14995 This is perhaps the worst movie I have ever se... 0
14996 I was so looking forward to seeing this film t... 0
14997 It pains me to see an awesome movie turn into ... 0
14998 "Grande Ecole" is not an artful exploration of... 0
14999 I felt like I was watching an example of how n... 0
[15000 rows x 2 columns]
My code to preprocess then text and use TfidfVectorizer
before training the classifier is as such:
vect = TfidfVectorizer(stop_words=stopwords, max_features=5000)
X_train =vect.fit_transform(all_train_set['Reviews'])
y_train = all_train_set['Labels']
clf = MultinomialNB()
clf.fit(X_train, y_train)
X_test = vect.transform(all_test_set['Reviews'])
y_test = all_test_set['Labels']
print(classification_report(y_test, clf.predict(X_test), digits=4))
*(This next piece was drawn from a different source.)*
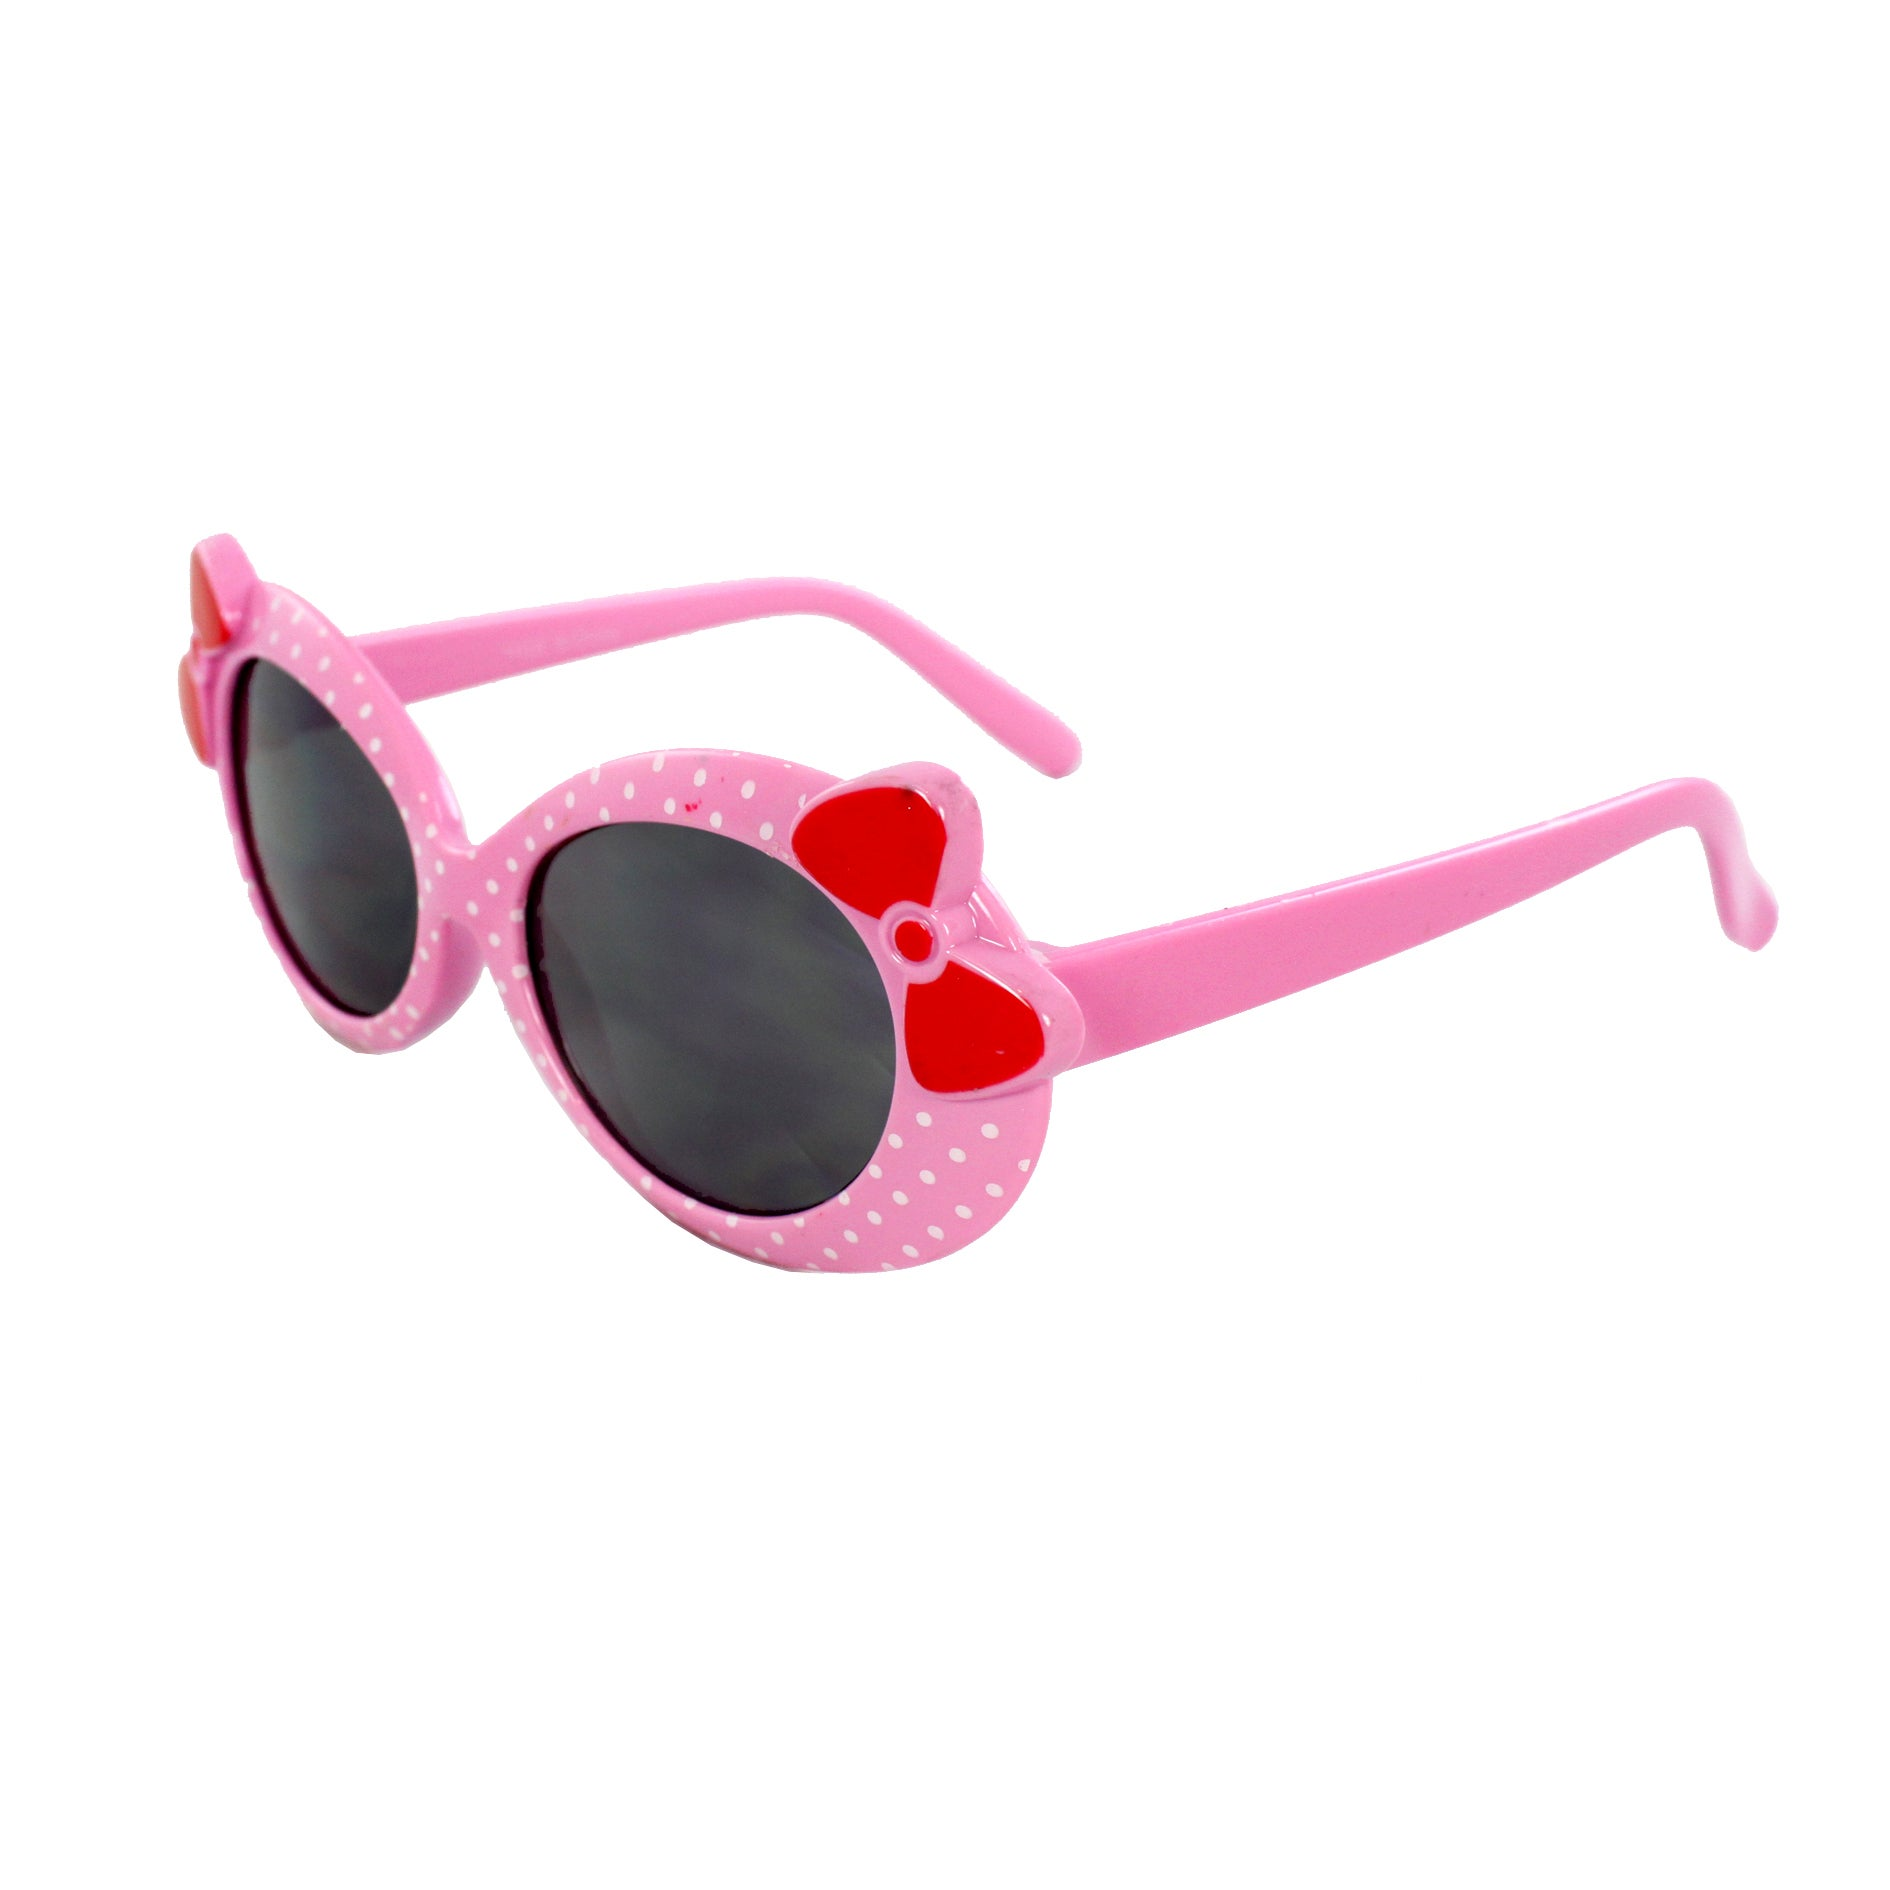 Kid's K0208-PKSM Oval Fashion Pink Frame Polka Dot Sunglasses
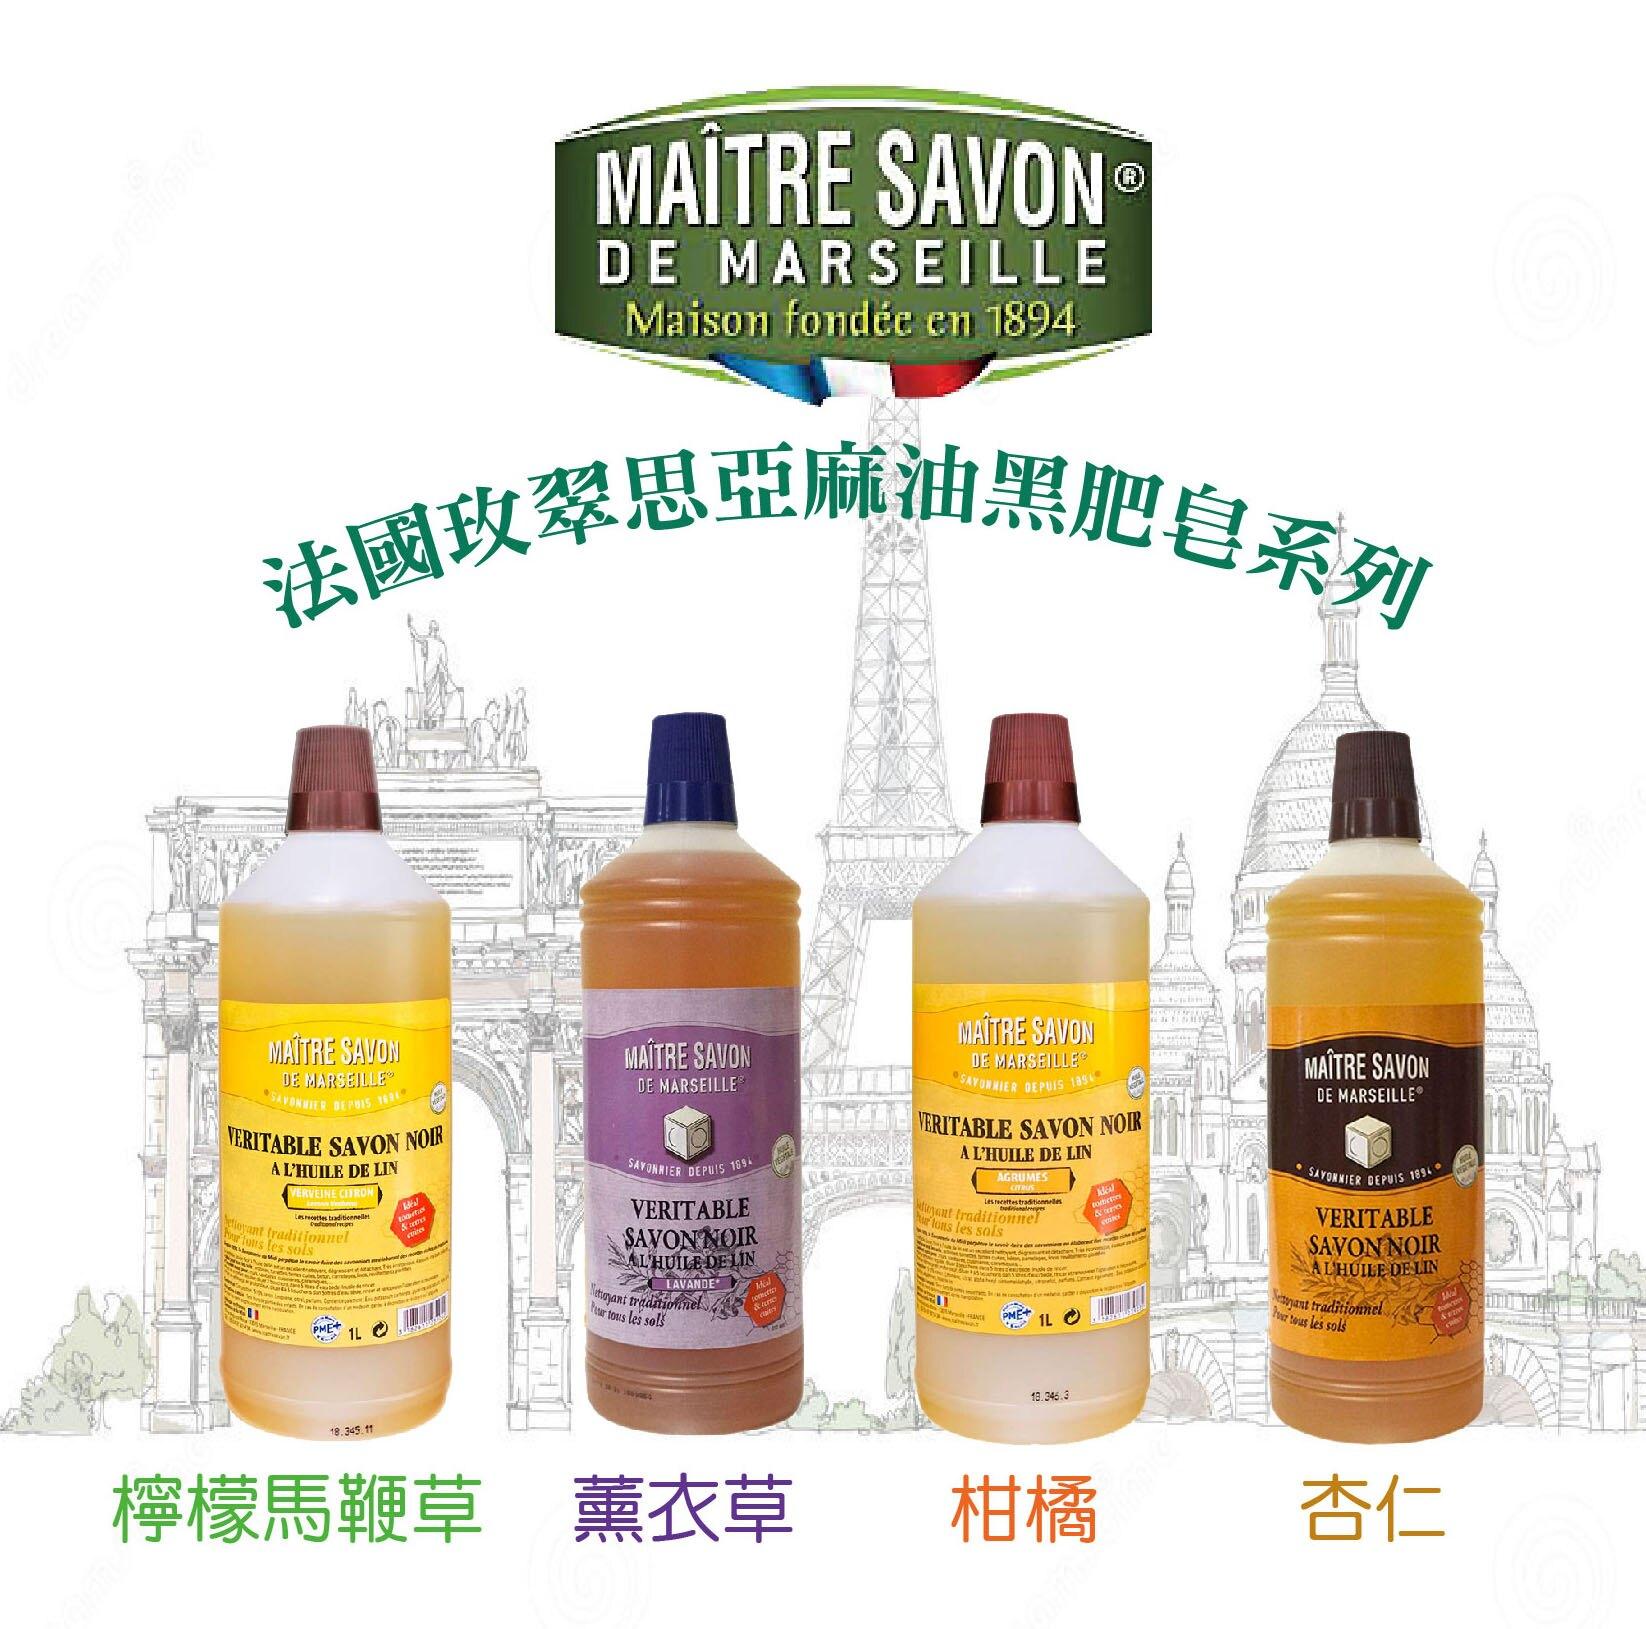 MAITRE SAVON 法國玫翠思 亞麻油黑肥皂(多用途清潔劑),共4款。

The results of the classification report seem to indicate that whilst one label is predicted very well, the other is extremly poor, bringing the whole thing down.
precision recall f1-score support
0 0.5000 0.8546 0.6309 2482
1 0.5000 0.1454 0.2253 2482
accuracy 0.5000 4964
macro avg 0.5000 0.5000 0.4281 4964
weighted avg 0.5000 0.5000 0.4281 4964
I have tried to follow 8 different tutorials now on this and tried each different way of coding but I can't seem to get it above 50% which makes me think it may be a problem with my features.
If anyone has any idea or suggestions, I'd greatly appreciate it.
EDIT: Okay so I have added several preprocessing steps here including, removing html tags, removing punctuation and single letter and removing multiple spaces from the code below:
TAG_RE = re.compile(r'<[^>]+>')
def remove_tags(text):
return TAG_RE.sub('', text)
def preprocess_text(sen):
# Removing html tags
sentence = remove_tags(sen)
# Remove punctuations and numbers
sentence = re.sub('[^a-zA-Z]', ' ', sentence)
# Single character removal
sentence = re.sub(r"\s+[a-zA-Z]\s+", ' ', sentence)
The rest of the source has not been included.